§ **Problem to solve**:
Output every line of the material exactly, omitting images.

§ **Collected data**:
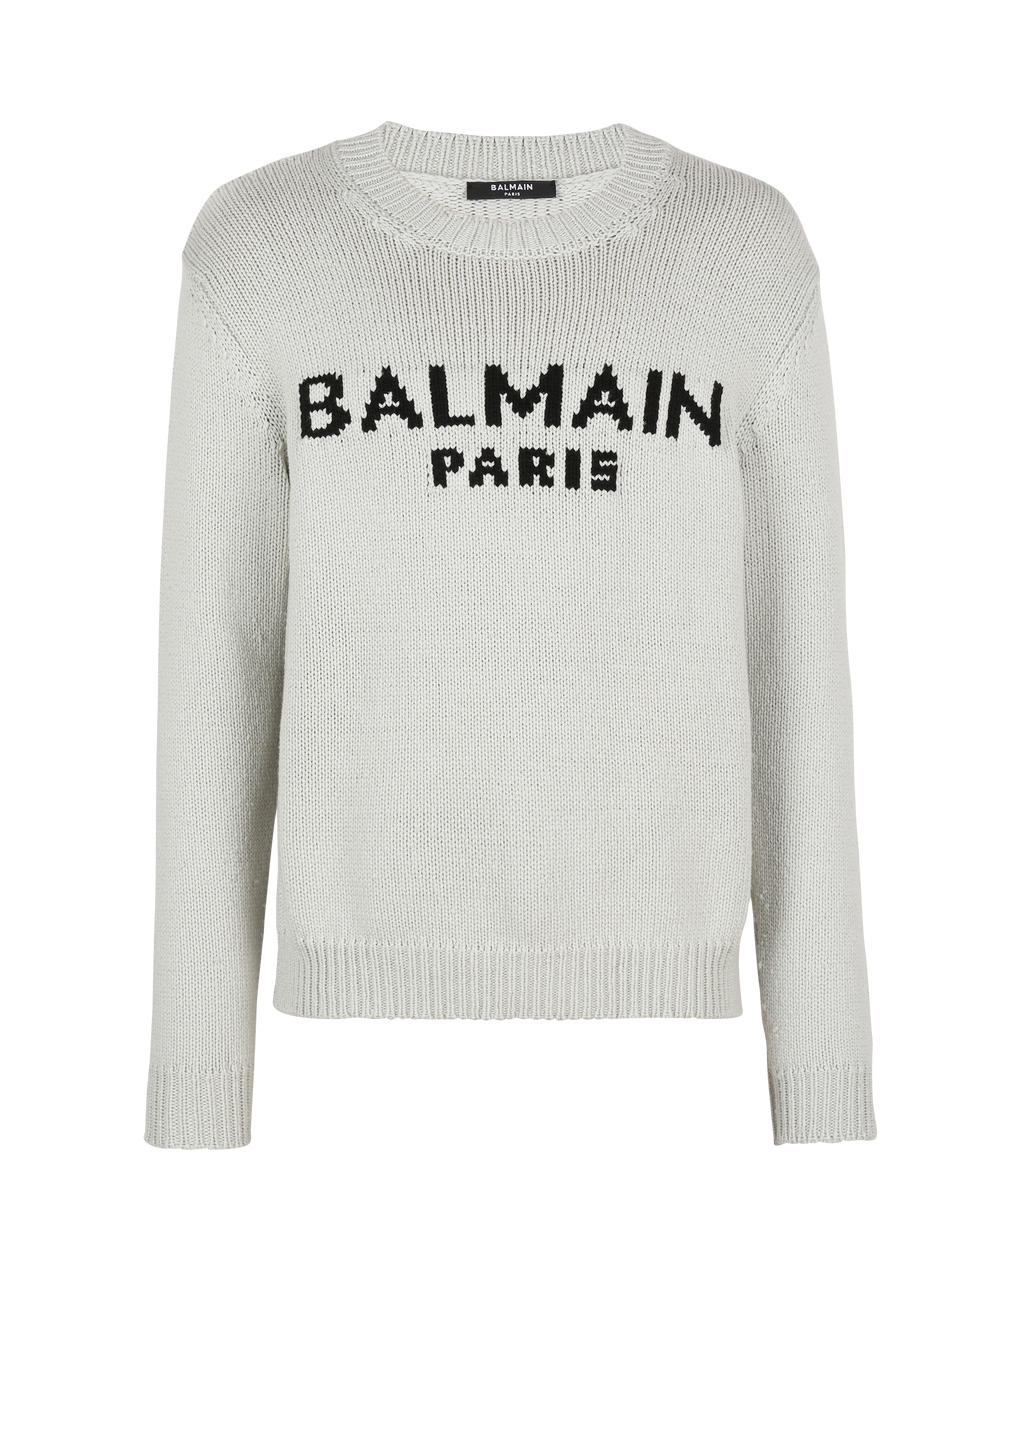 Balmain Paris标志羊毛套头衫, grey, hi-res
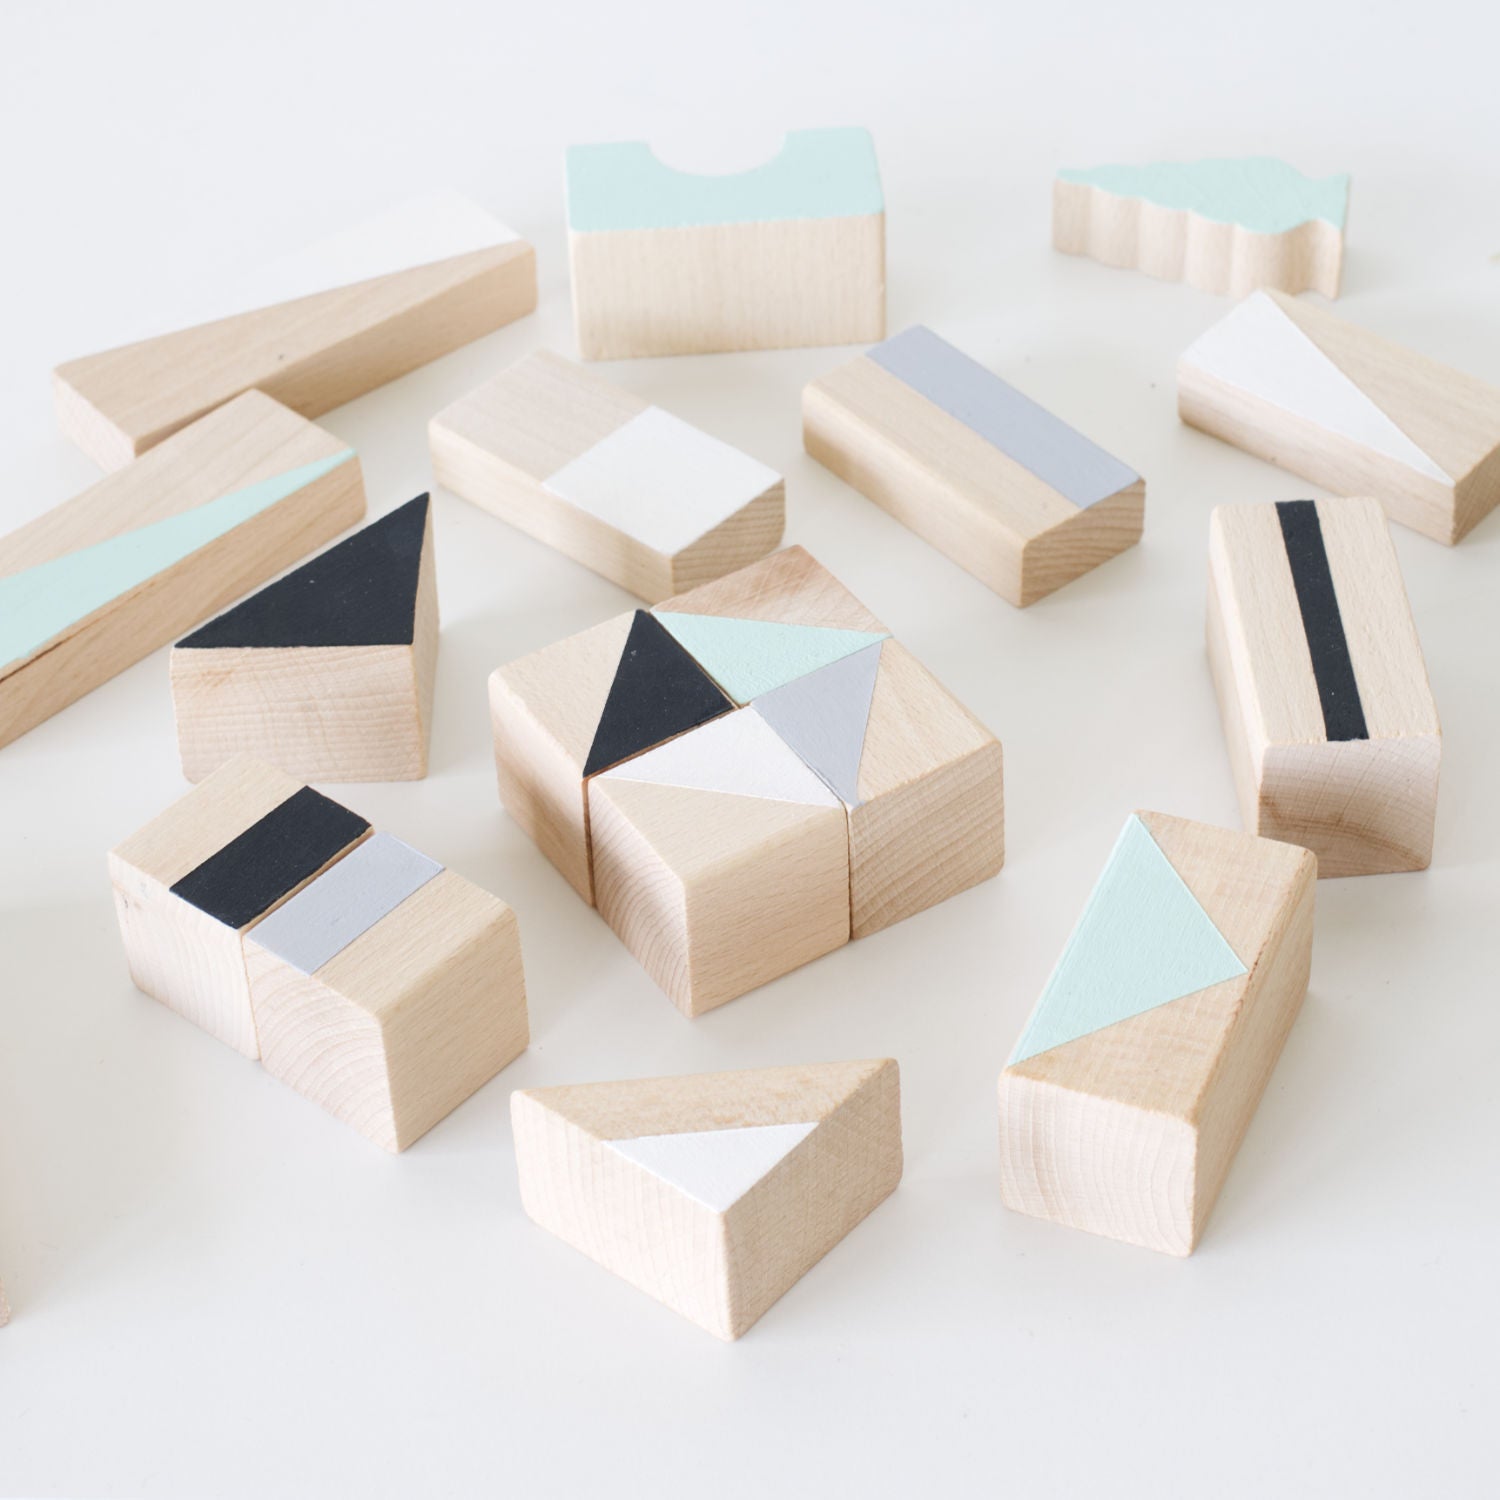 Wooden building blocks - Mint & monochrome - Happy Little Folks
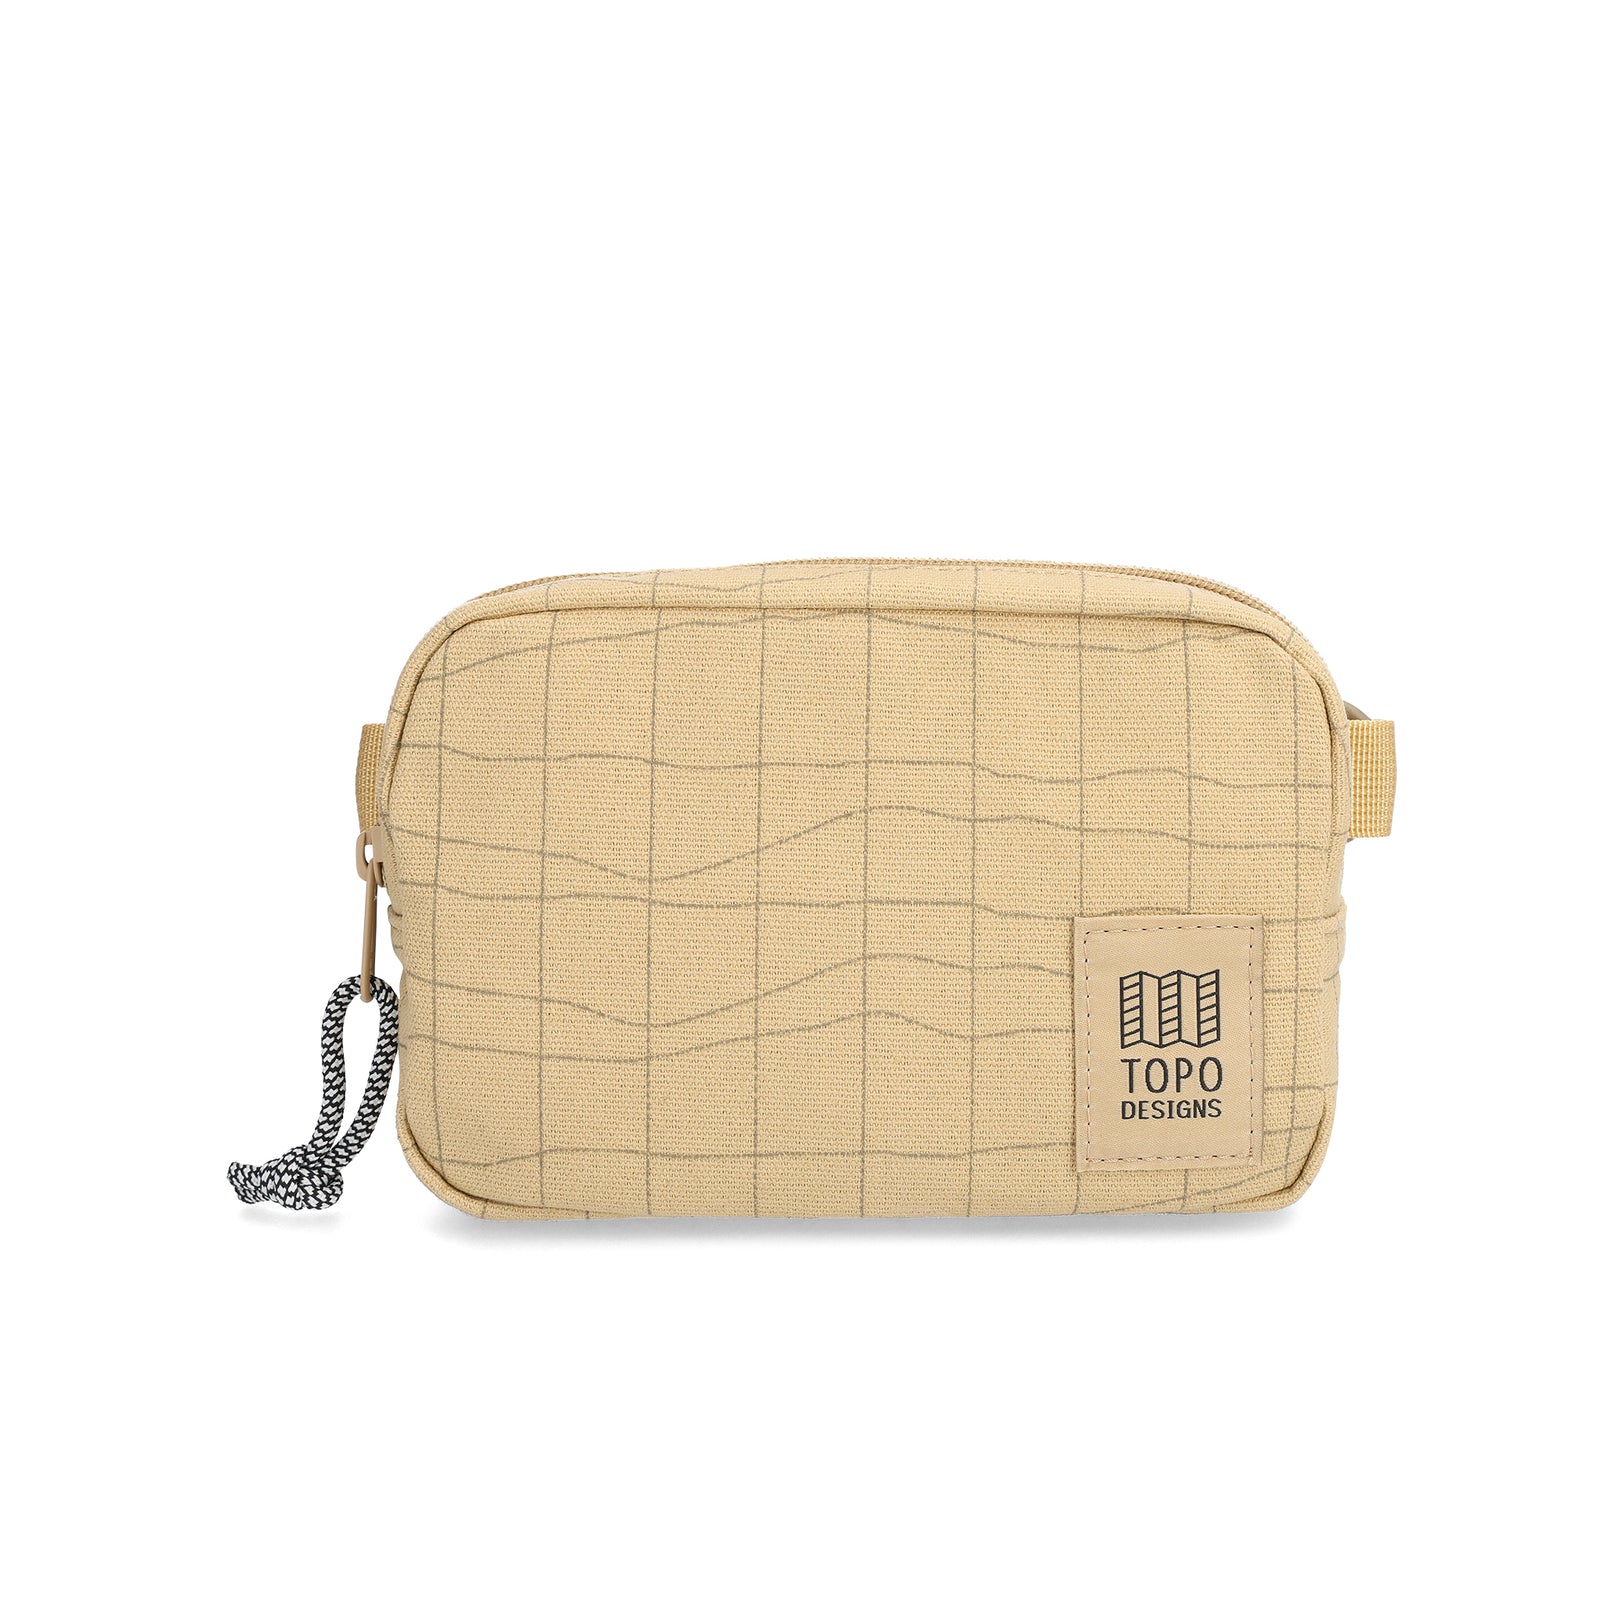 Front View of Topo Designs Dirt Belt Bag in "Sahara Terrain"

§ **Solution below**:
 Balmain Paris标志羊毛套头衫, grey, hi-res
 Wooden building blocks - Mint & monochrome - Happy Little Folks
 Front View of Topo Designs Dirt Belt Bag in "Sahara Terrain"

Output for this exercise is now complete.